Cork vs screw cap. Wine closures

Why are some wines sealed with corks and some with screw tops? 
We have now seen and tasted enough wines to see that the screw top ( aka Stelvin) sealed wines are just as age worthy and do not affect the quality of wine. 


Pros and Cons 
Why then with a worldwide cork shortage and increasing numer of cork spoiled wines are we still using the cork enclosure. 
When we traveled to Chile and Argentina I asked a few winemakers this same question. 
The common answer was tradition. In South America over 75% of wines are still sealed with corks. One wine maker (who shall remain anonymous) commented to me that when they package a wine with screw tops they do not sell. They produced the same wine and exported it all over South America and the cork version sold much faster and for a higher price than the Stelvin version. 
Therefore it must be assumed that consumers feel like a cork equals higher value. 
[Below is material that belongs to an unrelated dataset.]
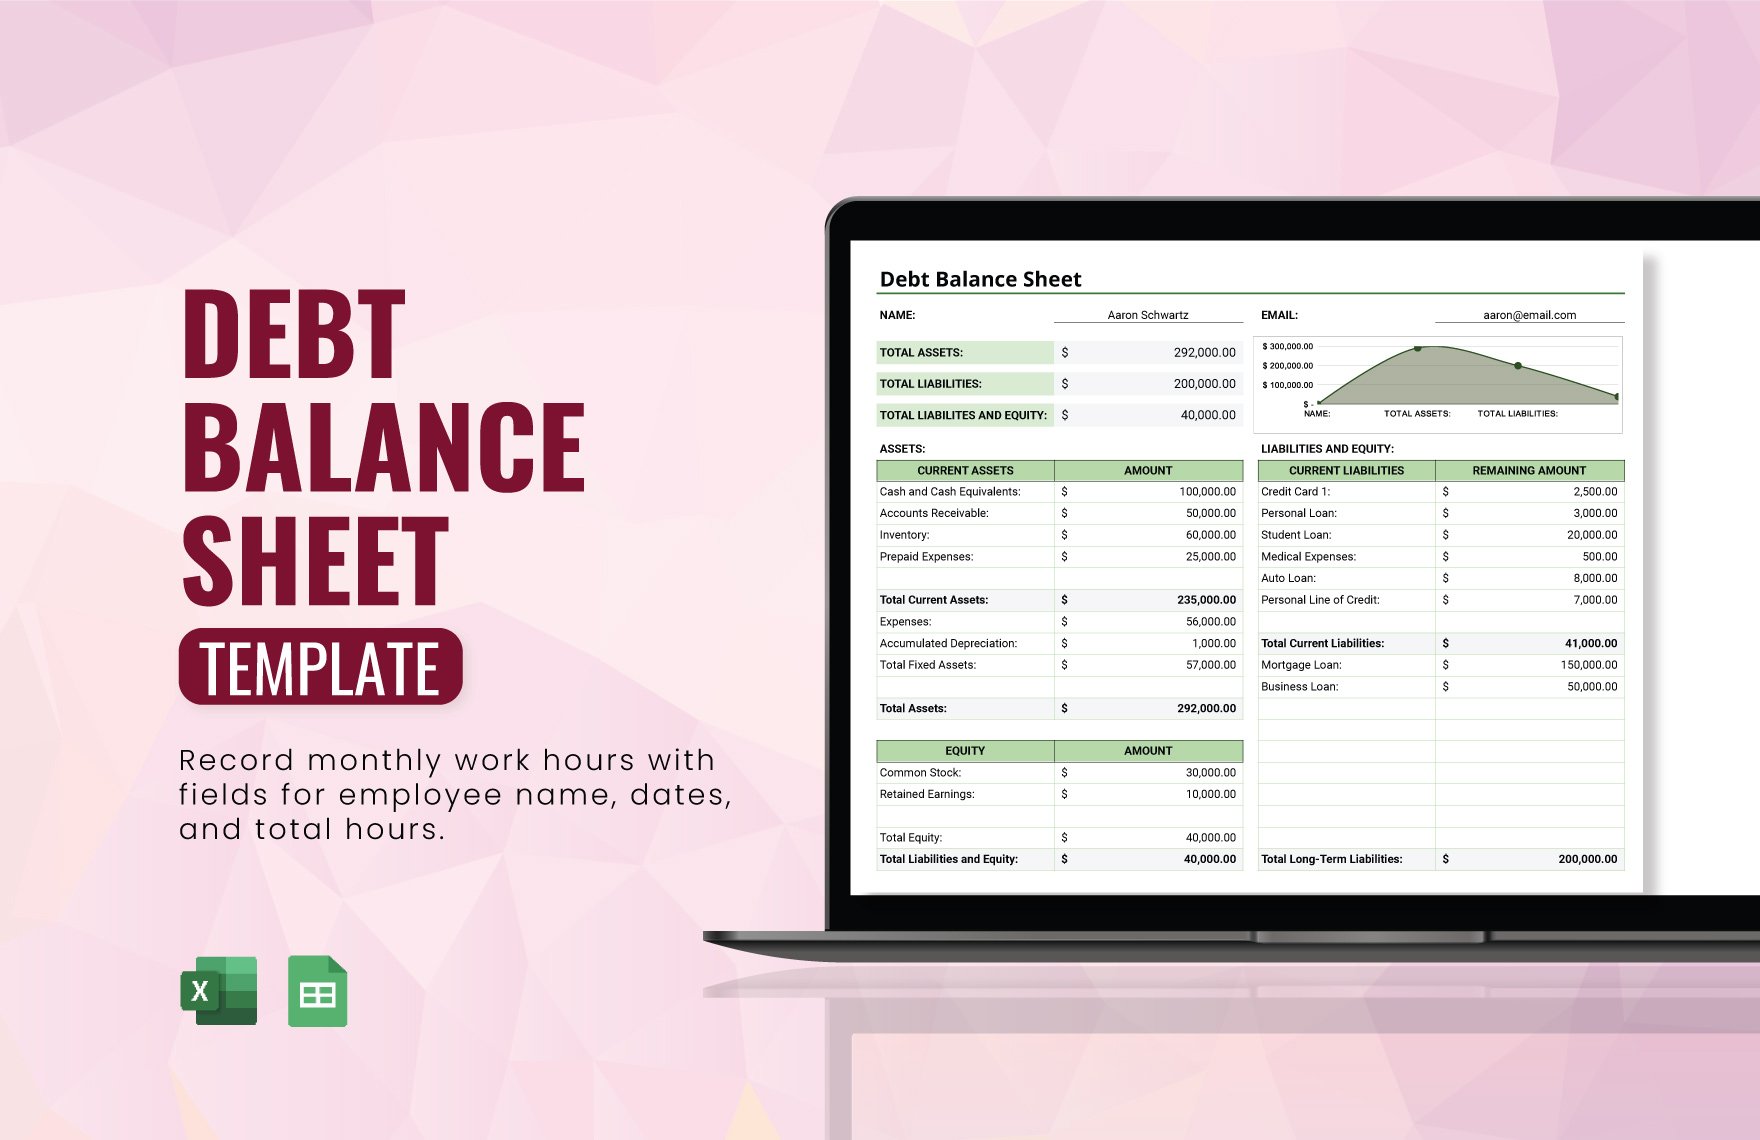 Debt Balance Sheet Template in Excel, Google Sheets

In contrast over 90% of wines exported from New Zealand are sealed with screw caps. In that market consumers must either not care or they have come to realize that screw caps don't equal cheap wine. I think the later is true. 
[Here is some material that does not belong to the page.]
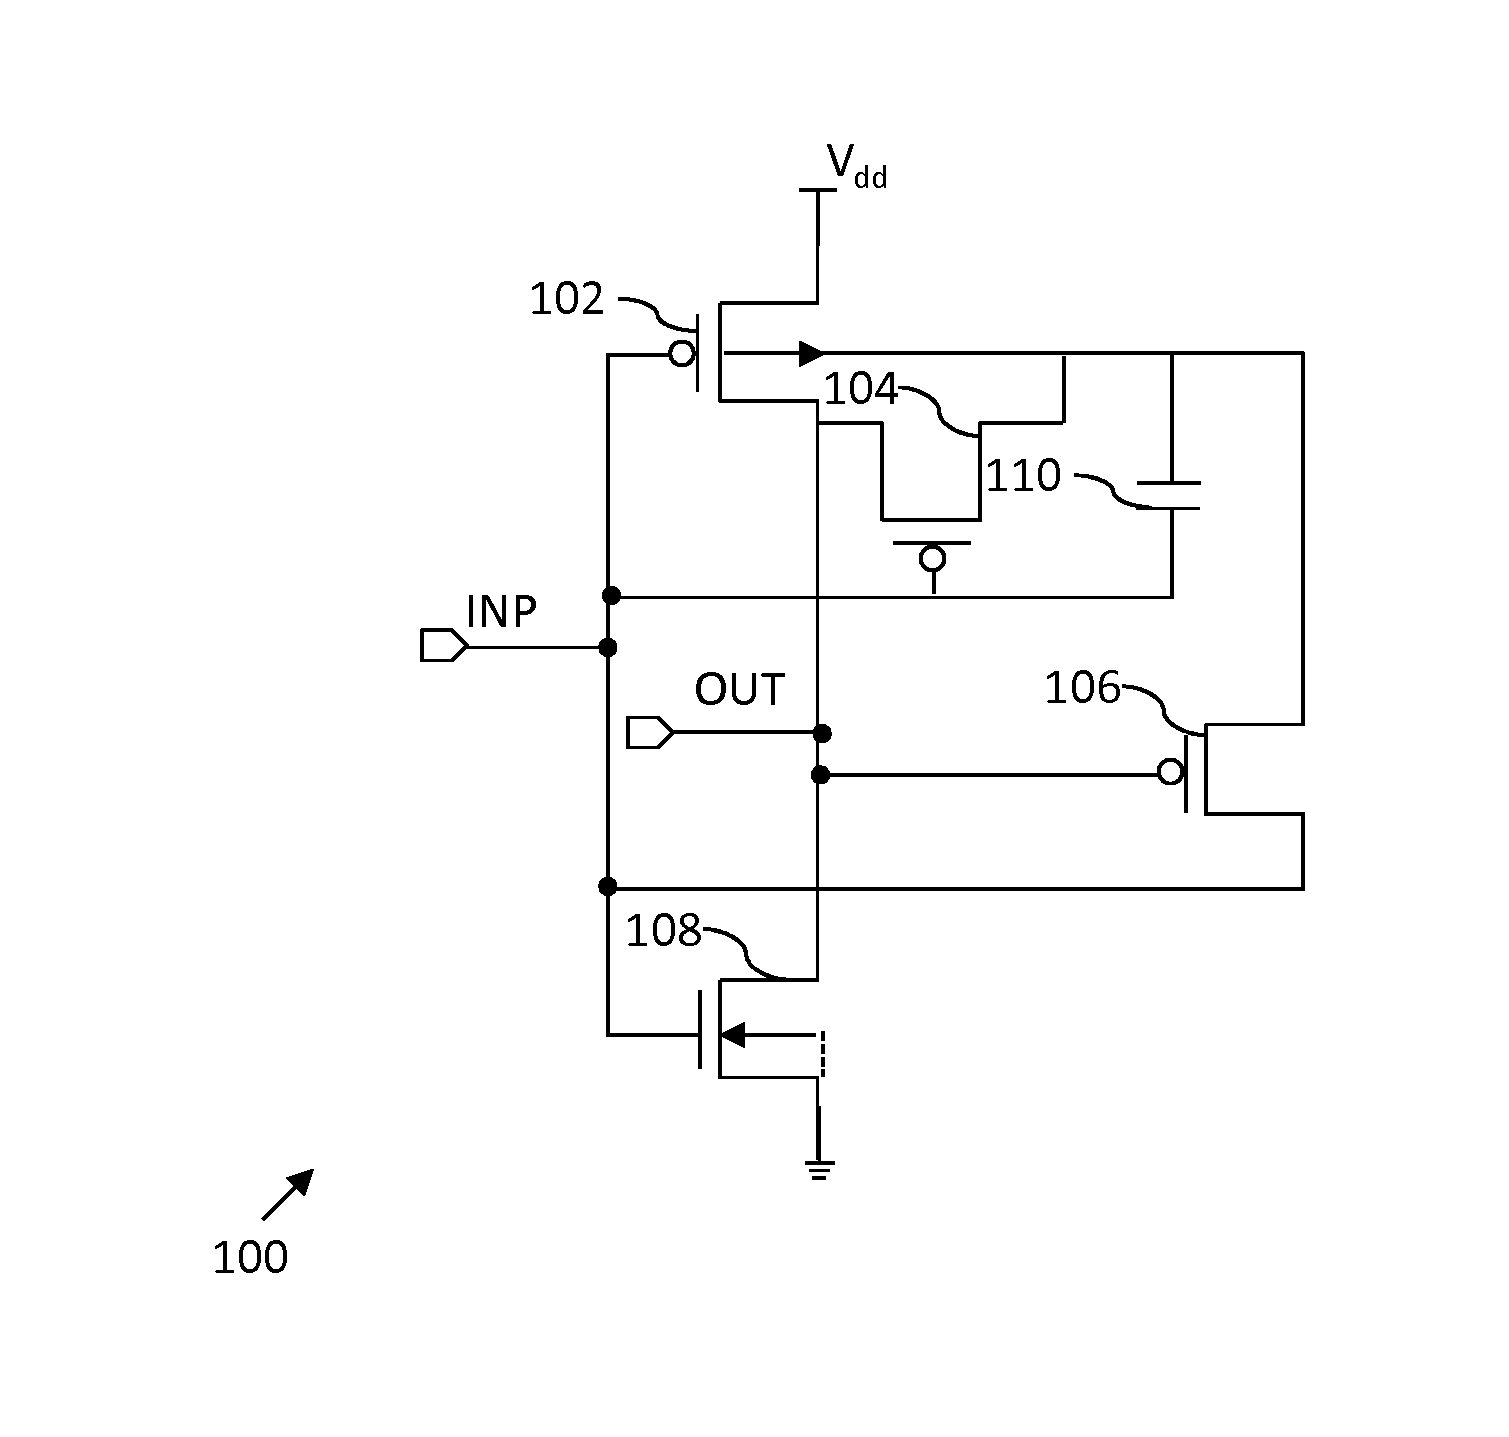 MOS transistor with forward bulk-biasing circuit

I would consider myself a traditionalist when it comes to wine but I also have to be open minded. Corks have worked for centuries but we have also had faulty wines for centuries. If screw tops will reduce the number of bad wines then we as consumers should not reject this idea. I agree there is a romance with opening wine with a corkscrew and that having a Sommelier at a restaurant unscrew your wine lacks that romantic flair. But we have to protect the wine. What is more important? The wine or the tradition. In efforts to keep the tradition the industry has created these anomalies call 'synthetic corks'. They are not corks and they do not work very well. They are cheap, sterile and require a corkscrew to remove but they also leak, taste like plastic and have a higher chance of failure under change of temperature and shipping conditions. 

The only arguments against the screw cap is the lack of 'cool factor' & time required to age a wine. The sealed cap does not allow the wine to breath as much as a porous cork therefore taking a longer time to properly age a wine that could benefit from it. Just like a larger format bottle, like Magnums, require more time due to the amount of wine to air (fill level or in some wine inert gas) ratio. In my biased opinion the benefits far outweigh the downfall. Especially once we see the consumers embrace the screw cap. Beside it is much more convenient to open a bottle of wine at a party or picnic when you forget to bring a corkscrew. 

To me there are only 2 options. Deal with the faulty corks or embrace the screw cap. I hope to see the whole wine industry accept the Stelvin as a valuable upgrade.